While trainees play a significant role in their care, patients are often uncertain about their roles and responsibility. This raises ethical concerns regarding informed consent, adequate disclosure, and truth-telling, as it pertains to the patients’ rights to self-determination and autonomy. Furthermore, conflicts may arise if patients are hesitant toward the involvement of trainees in their care, which raises questions regarding the rights of trainees as both practitioners and learners and can erode the practice of value-based medicine. The most responsible or senior surgeon must often balance seemingly competing obligations as the patients’ primary care giver and the trainees’ teacher or mentor. These ethical tensions in neurosurgery training have been articulated before (Bernstein and Knifed 2007). The current chapter explores the interaction between patients and trainees, particularly pertaining to the rights of each party in the setting of a teaching hospital. The relevant literature is reviewed and an approach for ethical conflict resolution is presented.
19.2 Illustrative Case (Patient’s Request for Resident Not to Operate)
A patient with a newly diagnosed brain tumor presents to the clinic and is seen by a staff neurosurgeon and a resident. Following a thorough discussion of the risks and benefits of surgery, the patient agrees to undergo awake craniotomy with intraoperative mapping for maximal safe tumor resection. The resident is particularly interested in learning intraoperative mapping methods. Before the patient signs the consent form, she asks whether the resident will also be involved in the operating theater. The patient is apologetic, yet adamant that she does not want “students” to be involved during the procedure.

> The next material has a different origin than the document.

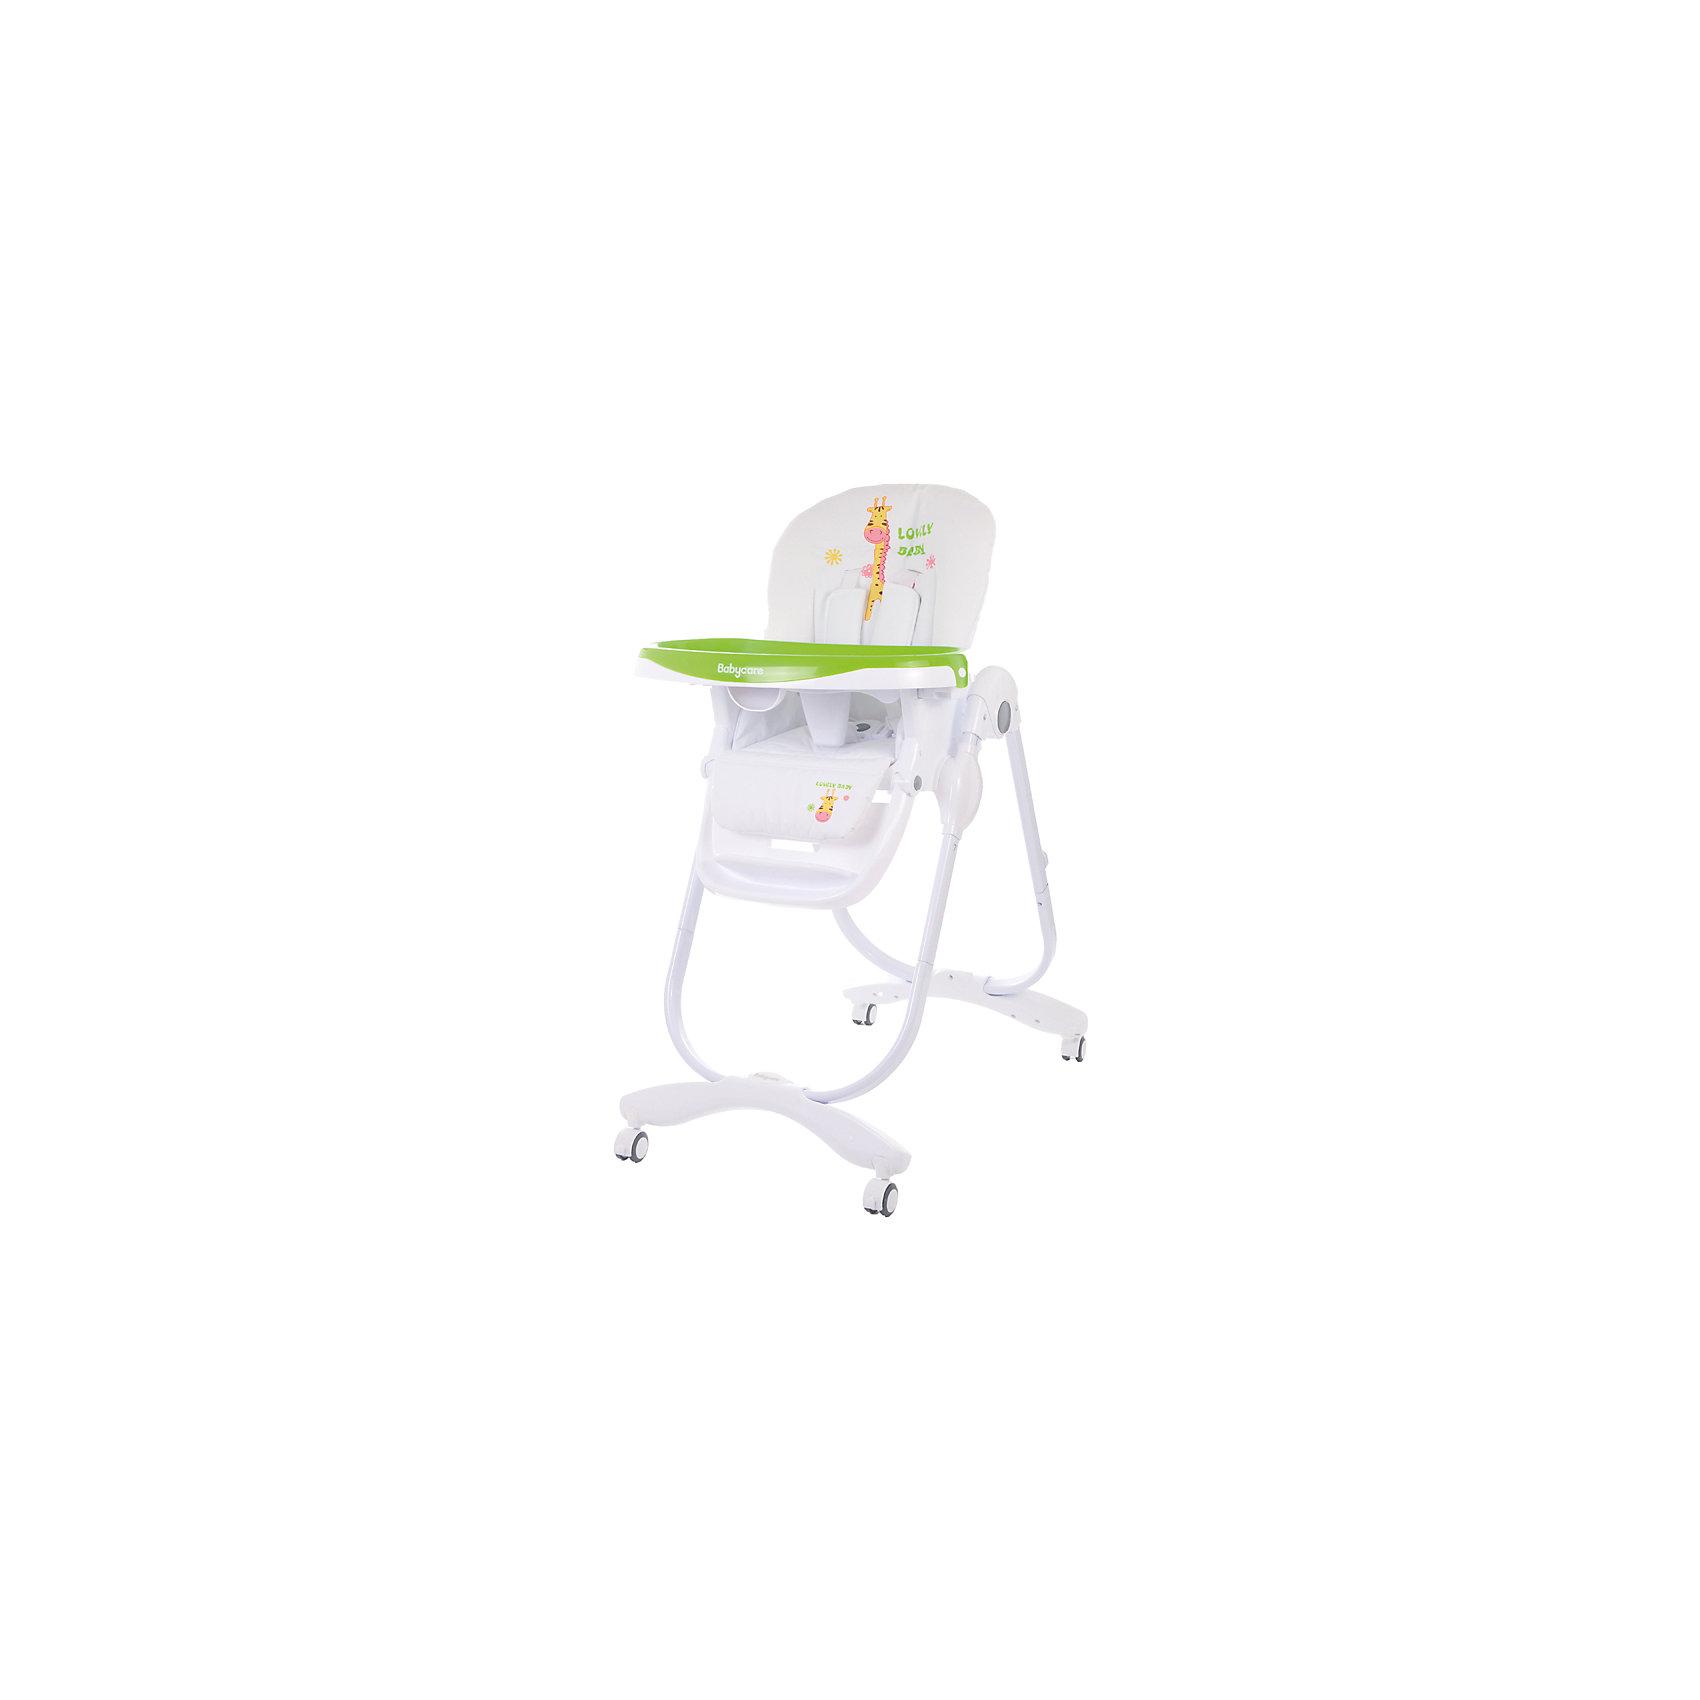 Стульчик для кормления Trona, Baby Care, зеленыйСтульчики для кормления<br>Характеристики детского стульчика для кормления Baby Care Trona:<br><br>• регулируемая высота сиденья: 7 уровней;<br>• регулируемый наклон спинки: 3 положения;<br>• регулируемая подножка с мягким основанием, пластиковая нерегулируемая подножка для детей старшего возраста;<br>• наличие 5-ти точечных ремней безопасности с мягкими накладками;<br>• пластиковый ограничитель, защита от соскальзывания;<br>• регулируемая глубина столешницы: 3 положения;<br>• съемная дополнительная столешница, с бортиками и подстаканником, прозрачный пластик;<br>• подставка для ножек;<br>• столик перед ребенком можно снять и убрать;<br>• мягкий чехол, съемный, стирается при температуре 30 градусов;<br>• на задней панели находится сумка-сетка для игрушек;<br>• рама стульчика оснащена колесиками;<br>• компактно складывается, устойчиво стоит в сложенном виде;<br>• материал: алюминий, пластик, полиэстер. <br><br>Пластиковый стульчик Trona Baby Care используется от полугода до 5 лет, в зависимости от возраста и роста малыша регулируется высота стульчика, угол наклона спинки, глубина столешницы, наличие/отсутствие столика перед ребенком. Стульчик компактно складывается, не занимает много места в сложенном виде. <br><br>Размеры стульчика Trona:<br><br>Размер стульчика в разложенном состоянии: 60х58х110 см<br>Размер стульчика в сложенном состоянии: 58х32х100 см<br>Ширина сиденья: 33 см<br>Вес стульчика: 9.6 кг<br>Размер упаковки: 60х32х55 см;<br>Вес в упаковке: 10,8 кг<br><br>Стульчик для кормления Trona, Baby Care, зеленый можно купить в нашем интернет-магазине.<br><br>Ширина мм: 600<br>Глубина мм: 550<br>Высота мм: 320<br>Вес г: 10800<br>Цвет: зеленый<br>Возраст от месяцев: 6<br>Возраст до месяцев: 60<br>Пол: Унисекс<br>Возраст: Детский<br>SKU: 4651200

How do the neurosurgeon and resident respond to the patient? Who should be involved in the patient’s care going forward?
19.3 Approach to the Case
Patients have an inalienable right to autonomy and self-determination during their clinical care. Surgical treatment can only proceed with their informed consent, which requires capacity, voluntariness, and a lack of undue influence. In contemporary health-care systems, physicians have a responsibility not only to state the risk and benefits of procedures but also to speak truthfully. Truth-telling encompasses directness and clarity regarding all aspects of the patient’s care, including disclosure of those individuals who are expected to be involved. Neurosurgeons also have a fiduciary obligation to ensure that the procedure is performed safely and without unnecessary risk to patients.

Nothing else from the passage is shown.